Economists and housing trade organizations have credited the tax exemption (which was extended through 2012 in the 2008 Emergency Economic Stabilization Act) with providing a small tonic to the housing crisis by making short sales more tenable for homeowners. There have been 1.6 million short sales reported by NAR since late 2008, accounting for between 10 percent and 14 percent of home sales activity each month during that time.
Without the exemption, forgiven debt in a short sale would be treated as a phantom, but taxable, capital gain, which for some homeowners in dire housing markets might total tens or hundreds of thousands of dollars. Under those circumstances, in most states, the only option for homeowners to escape a mortgage obligation and the resulting taxes would be bankruptcy. (That is, barring the implementation of any modification or principal reduction programs recently proposed by the Obama administration.)
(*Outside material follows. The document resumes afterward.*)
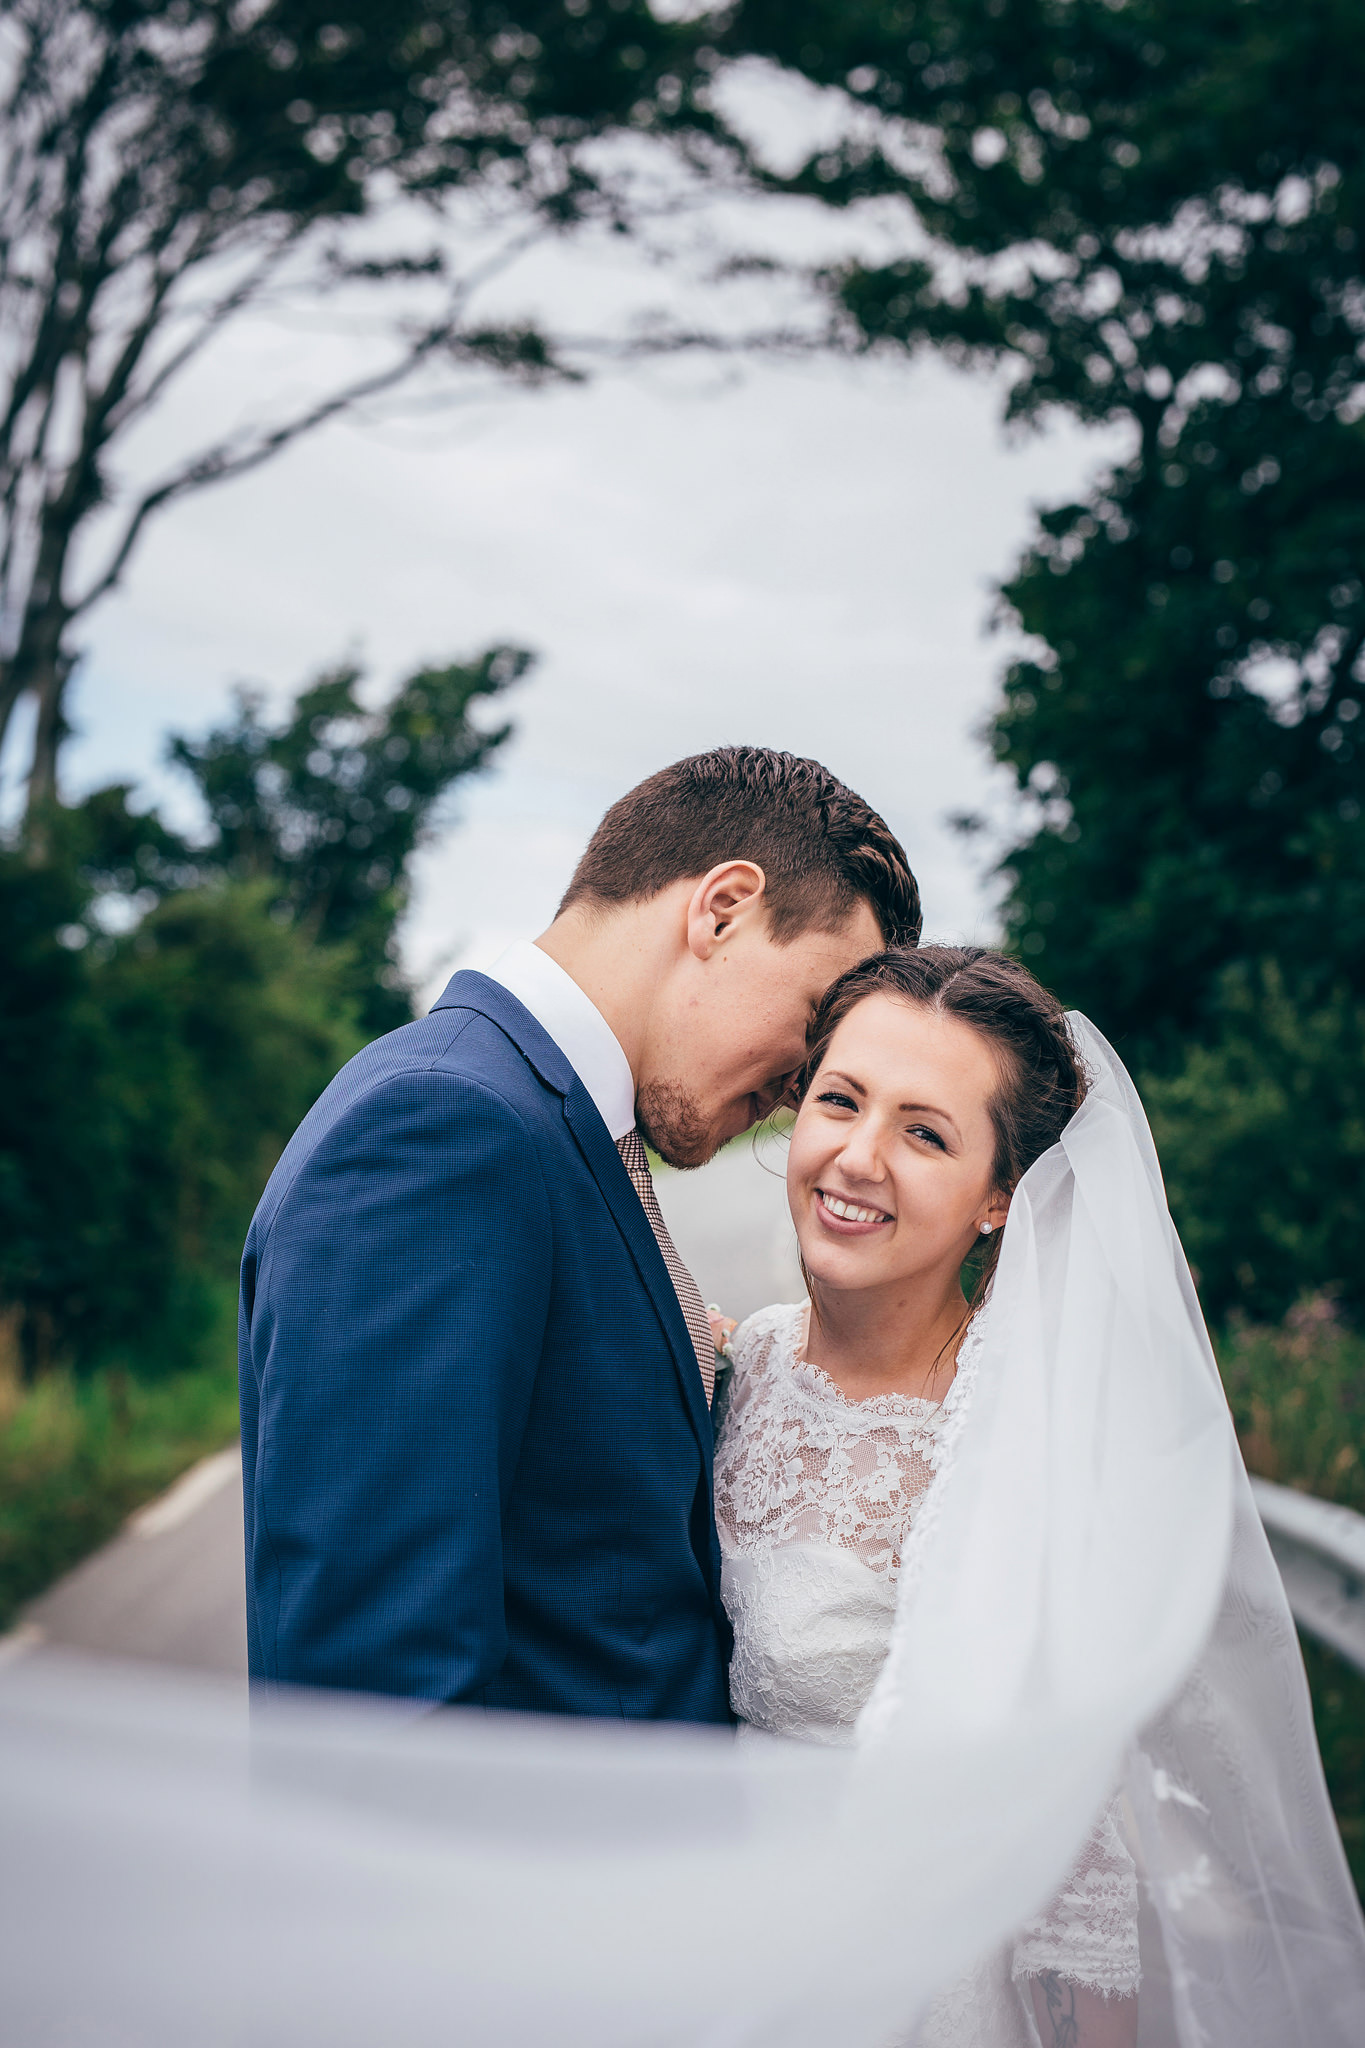 Norway+wedding+photographer+elopement+pre+wedding+Casey+Arneson-74.jpg

In non-recourse states such as California and Nevada, where lenders cannot pursue a deficiency judgement to collect the unpaid debt on a residential mortgage, lifting the tax exemption actually could result in more foreclosures. That's because a short sale would trigger taxes on the unpaid debt, while in those non-recourse states, a foreclosure would not. "It's not in the homeowner's interest anymore to do" a short sale, says White.
Several economists, as well as the trade groups for realtors and mortgage bankers, say that continuing the tax exemption is a crucial cog in the housing recovery.
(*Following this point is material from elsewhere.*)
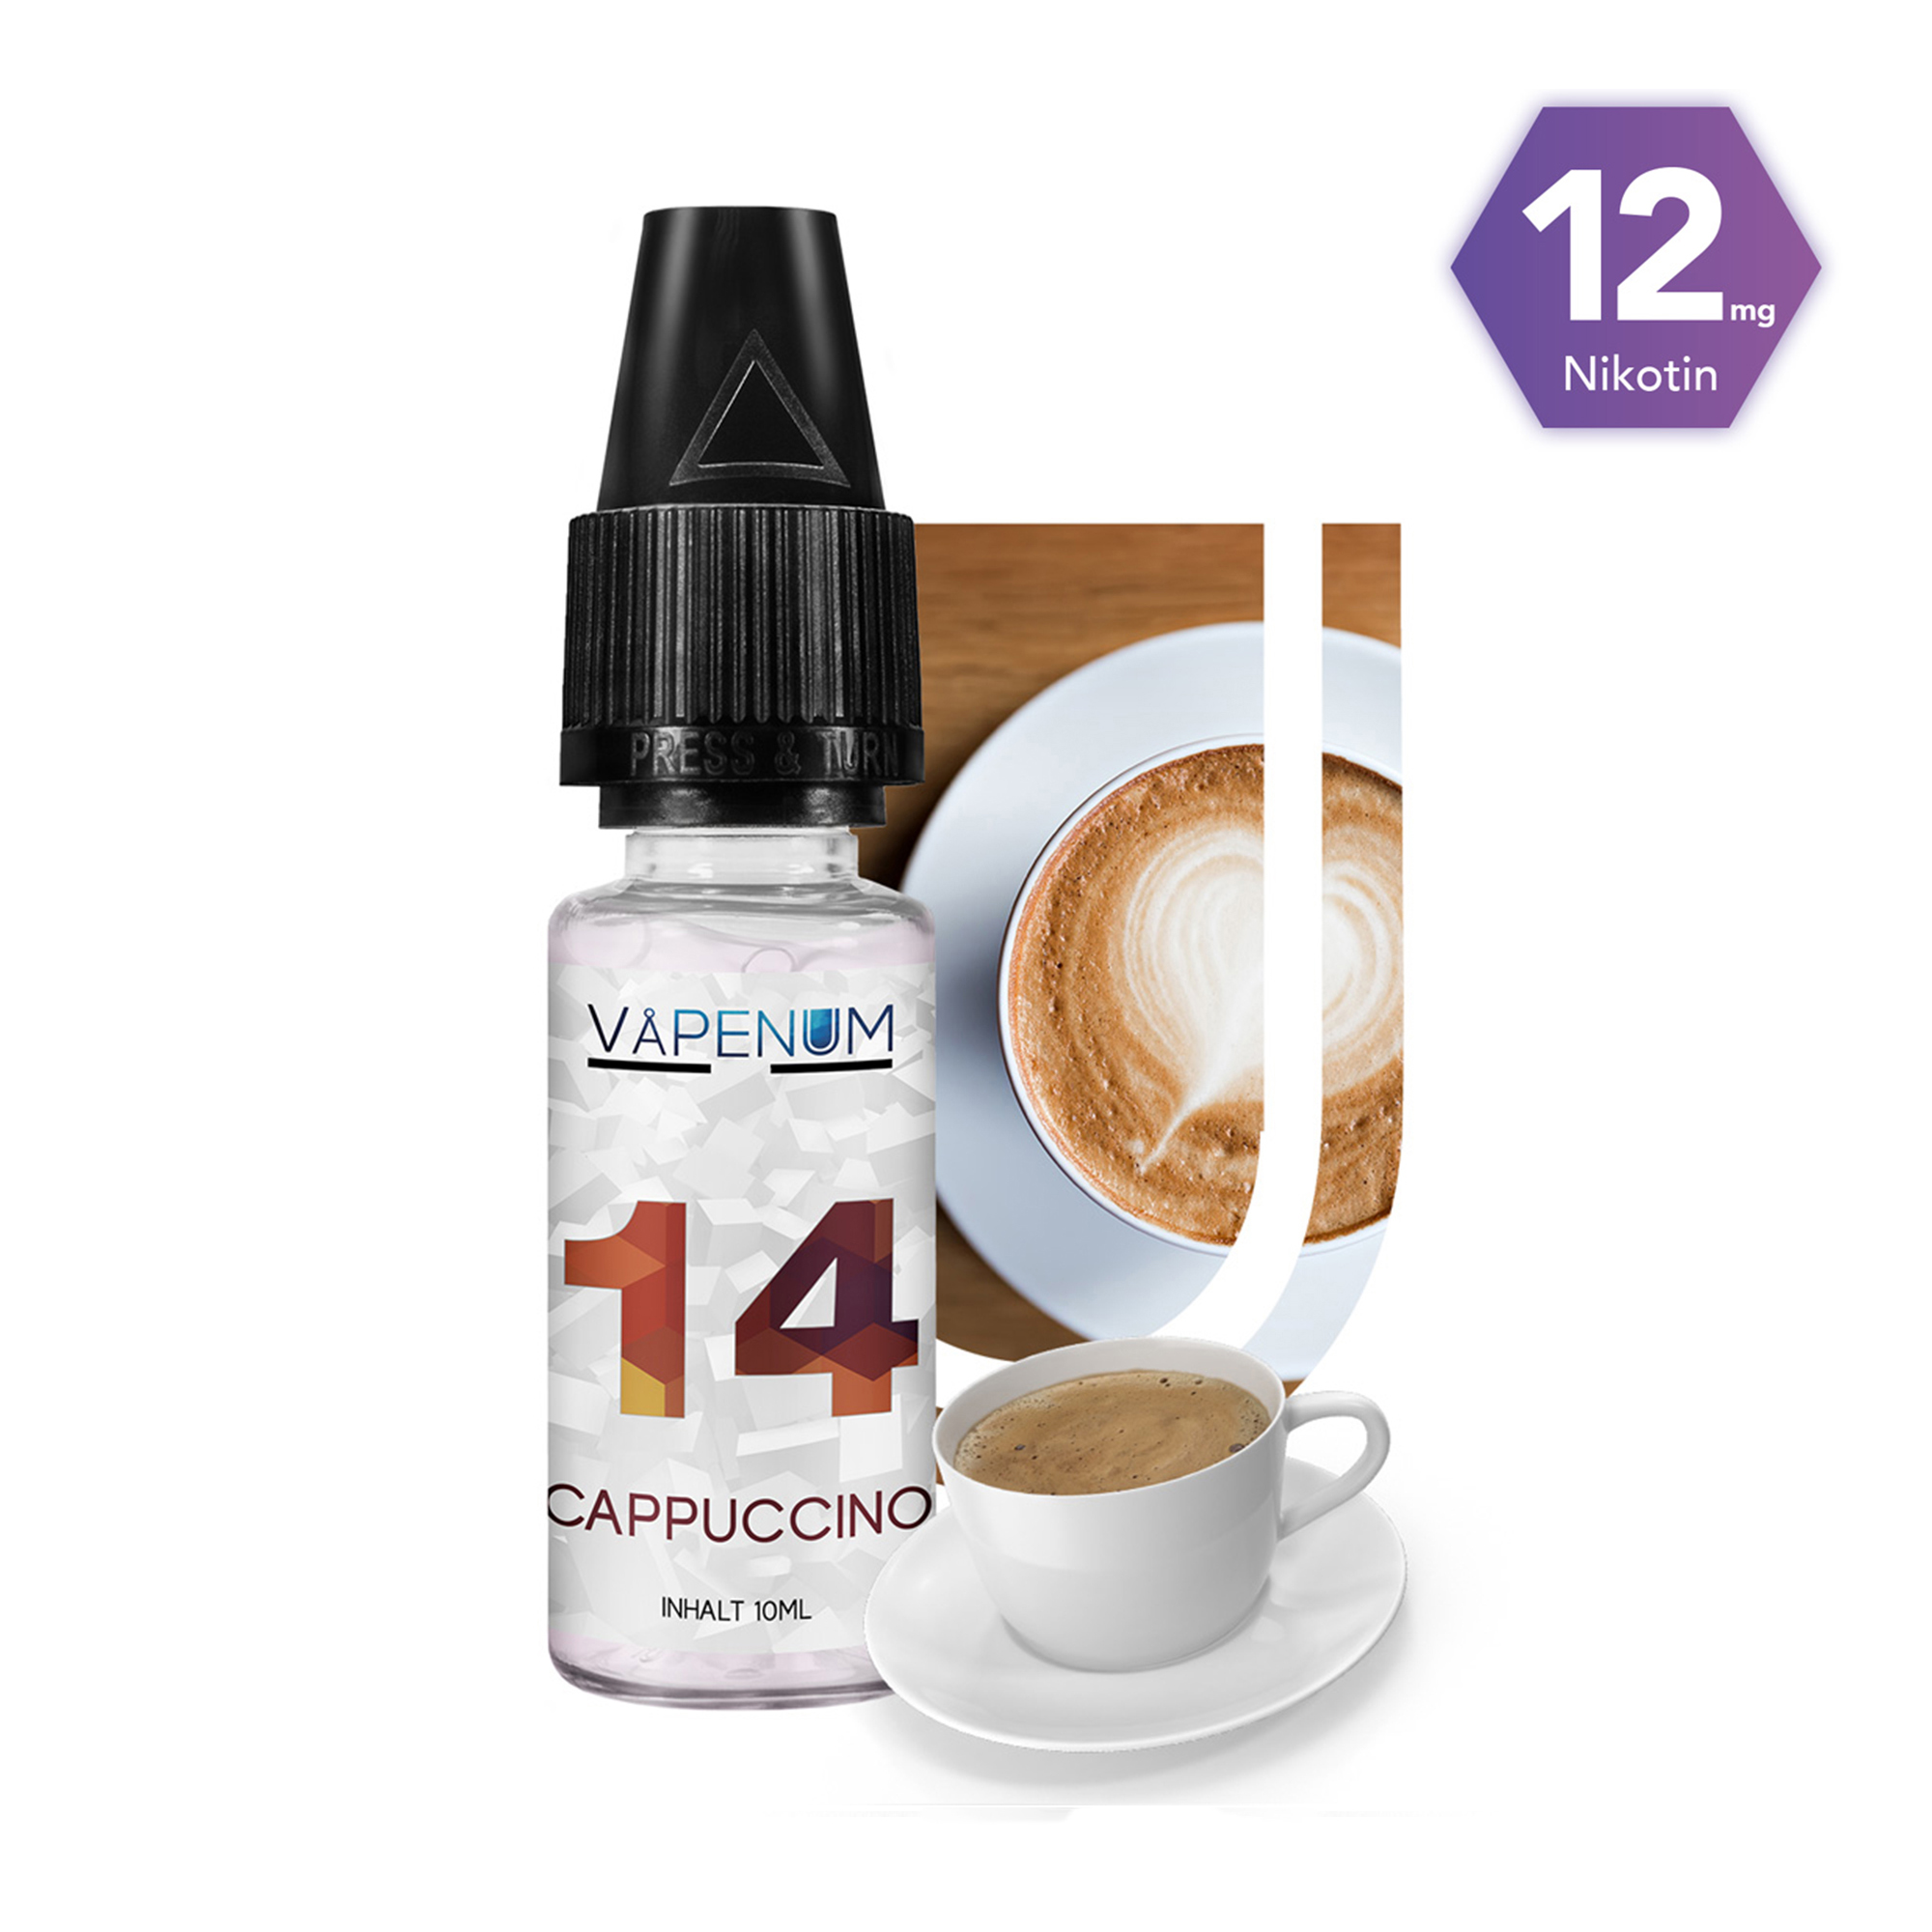 14 - Cappuccino Liquid by Vapenum 12mg

"Of all of the different things that policymakers have done to address the housing crisis, this has been one of the most effective," says Mark Zandi, an economist with Moody's Analytics. "It's not very costly to the IRS or taxpayers, and it's very, very helpful in trying to facilitate working through this very serious problem."
The MBA's support of an extension is particularly notable, given its concern with strategic defaults that some believe the exemption may be stoking. "We continue to support reasonable measures" for recovering homeowners, says David Stevens, president and CEO of the MBA and recently the assistant secretary for housing in the Obama administration.
This spring, NAR will make an extension a priority item for the group's 2012 congressional wish list. "It's like the old medical term: first do no harm," says Moe Veissi, NAR's president. "In this housing marketplace, as uniquely difficult as it's ever been, this is the wrong time not to extend it."
Glen Fest is the executive editor of American Banker Magazine.